As a matter of fact the landscape is complex and any glitch is likely to percolate and affect many players. Take the automotive again: currently the shortage of chips (there may be up to 3,000 of them in a single vehicle) is not generalised, that is most chip production is fine. However, if one chip type is missing the car cannot be produced. That leads to an over production of the other 2,999 chips! I was talking to a CTO of a company in Italy that is providing sensors controlling exhaust fumes to several car manufacturers. Because of reduced car production they had to stop the production of their sensors. Hence the shortage of one component (a specific chips) results in overstock for hundreds of other components.
All of this is forcing industry to re-think the supply chain. Whereas the focus was on “just-in-time” now the focus is on “resilience” even if that means an increased cost. In the longer term, obviously, the target is to get both lower price and high resilience.

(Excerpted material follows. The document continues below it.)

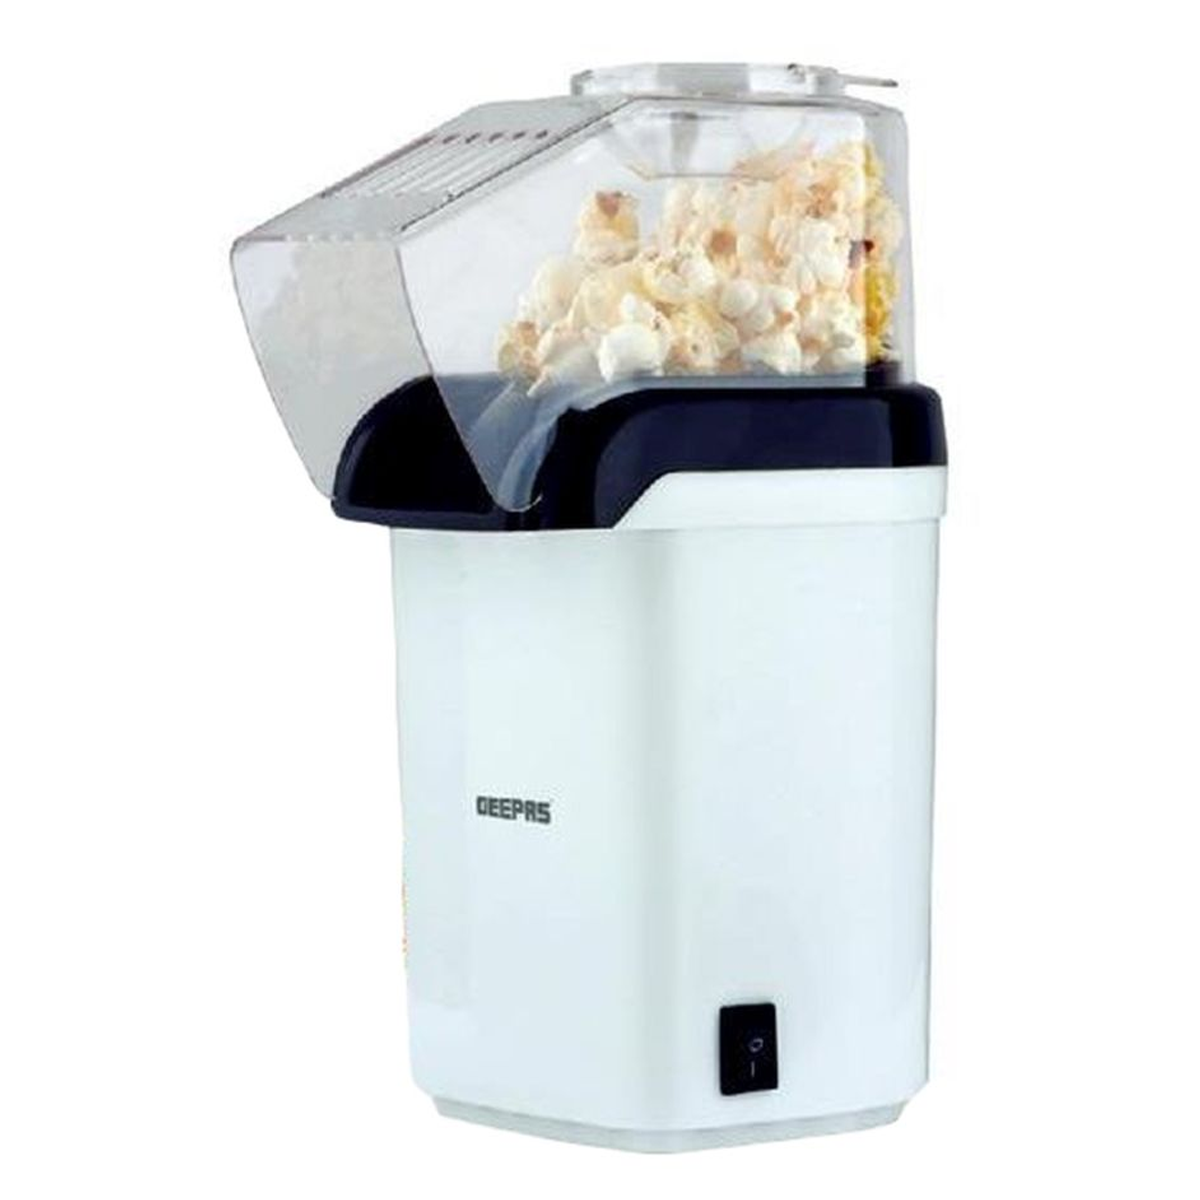 Geepas Portable Popcorn Maker 1200W GPM840 - White

Artificial intelligence may play a crucial role both in patching up the current situation as well as in reshaping the supply chain organisation and orchestration in the second part of this decade.
Digital Twins are also expected to play a significant role both in the dynamic management of the supply chain and in the simulation/forecast of events that might affect its efficiency.
Clearly, resilience will require a multi-supplier multi-path supply chain to ensure a “plan B” when a disruption occurs.